Barani et al. have shown the dosimetrical feasibility of NSC-preserving radiotherapy, even when the target was a periventricular lesion. They used inverse-planned intensity-modulated radiotherapy in two clinical scenarios—brain metastatic disease and primary high-grade glioma—to achieve cumulative dose reductions of 65% and 25% in the NSC compartments, respectively, compared with conventional radiotherapy [30]. Investigators at Rush University Medical Center also tested the feasibility of dosimetrically sparing the hippocampus and the SVZ (a 5-mm expansion around the lateral ventricle) during helical tomotherapy with WBRT and PCI. They found mean doses of 11.5 Gy in the PCI plan and 11.8 Gy in the WBRT plan for the hippocampus and SVZ, while treating the rest of the brain with 30 Gy in 15 fractions (PCI) or 35 Gy in 14 fractions (WBRT) with a V100 of 95%. They achieved the reduction in BED late effects of 73.8% in the hippocampus and 65.8% in the SVZ through a PCI study plan, compared with a standard plan. For the WBRT study plan, the reductions were 78.6% and 70.8% in the hippocampus and the SVZ, respectively [31]. Thus, to dosimetrically spare the NSC compartments has been proven to be feasible.
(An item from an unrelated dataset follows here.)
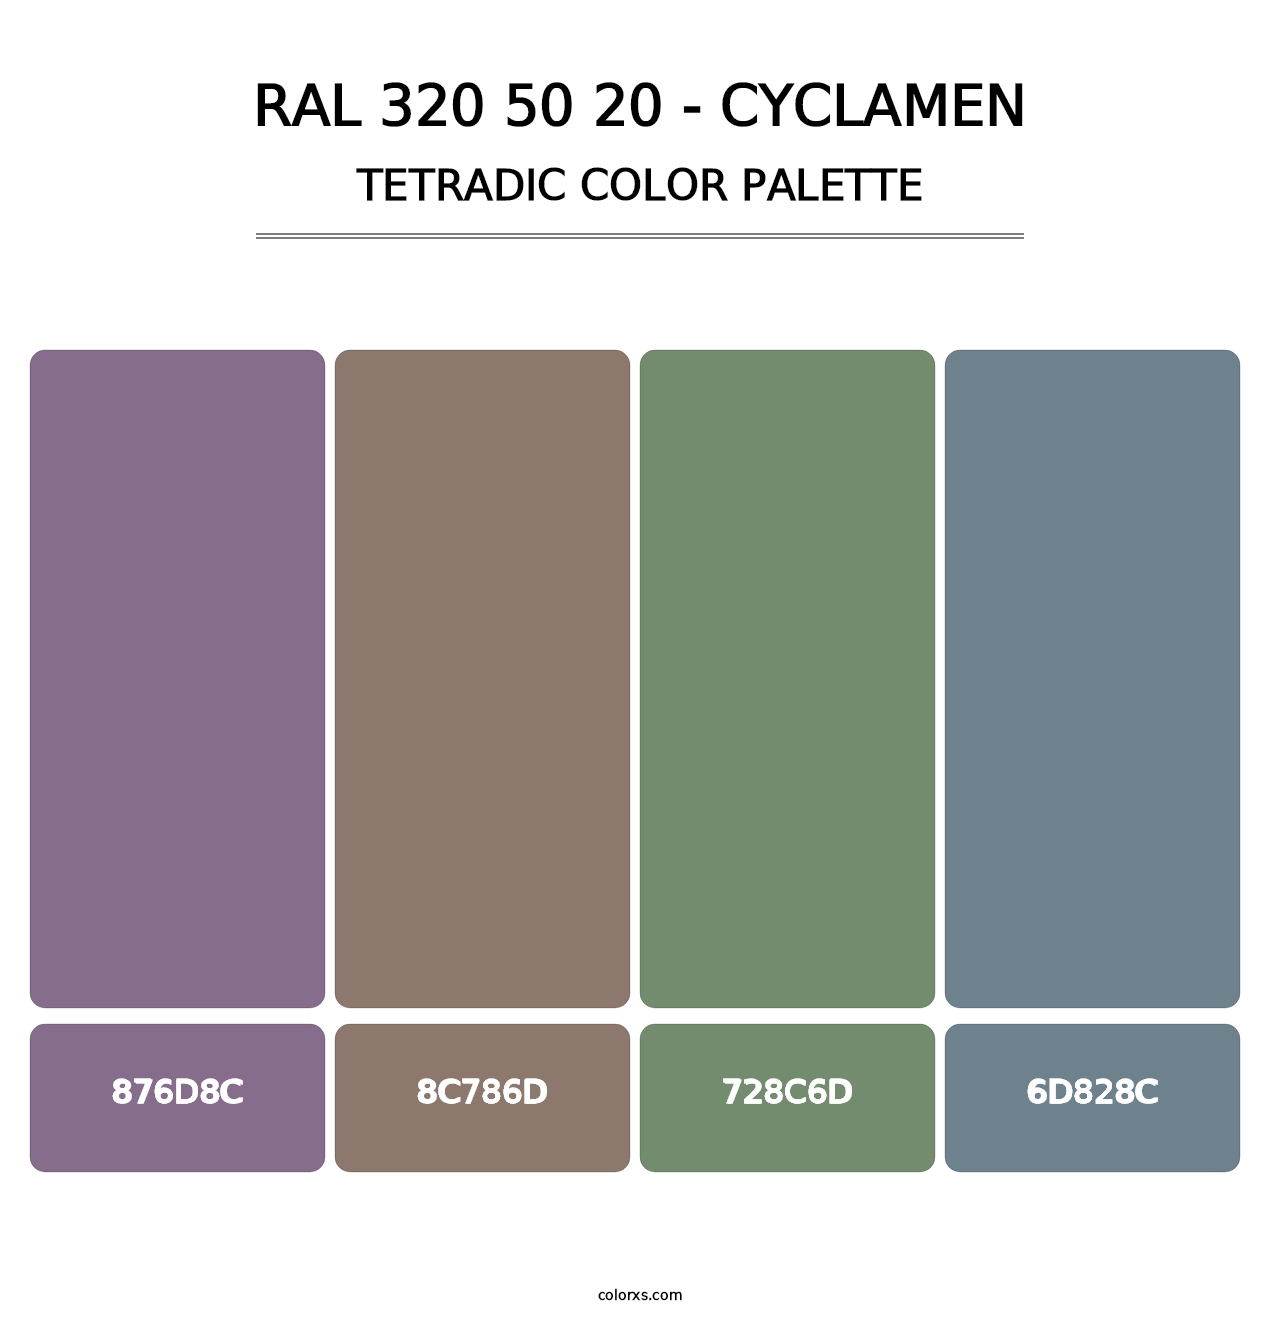 RAL 320 50 20 - Cyclamen - Tetradic Color Palette

As a retrospective and single-institution study, our data has some inevitable limitations. However, our results are consistent with other studies [8, 28]. Thus, we believe that it is reasonable to selectively reduce doses to the two NSC compartments, while simultaneously treating other parts of the brain with full doses. The rate of involvement of NSC regions after conformal avoidance with WBRT and PCI needs to be elucidated in future clinical trials. Based on current findings of the NSC region involvement in oligometastatic patients, we are performing a study of dosimetric feasibility to examine the advantages and risks of sparing NSC-containing areas in oligometastatic patients (WBRT plan) and extensive SCLC patients with a response to chemotherapy (PCI plan). Plans will be conducted in two situations: PCI (25 Gy in 10 fractions) and standard WBRT (30 Gy in 10 fractions).

CONCLUSIONS

Our retrospective review of 2270 metastases in 488 patients found that the volume of the NSC regions accounted for 2.23% of the whole brain, but the incidence of involvement of the NSC compartments was 1.1%, and almost all of NSC lesions were limited in non-oligometastatic patients. We believe our data support the case for selective reduction of doses to these aforementioned structures when treating oligometastatic patients with WBRT, or locally advanced-stage SCLC patients with PCI.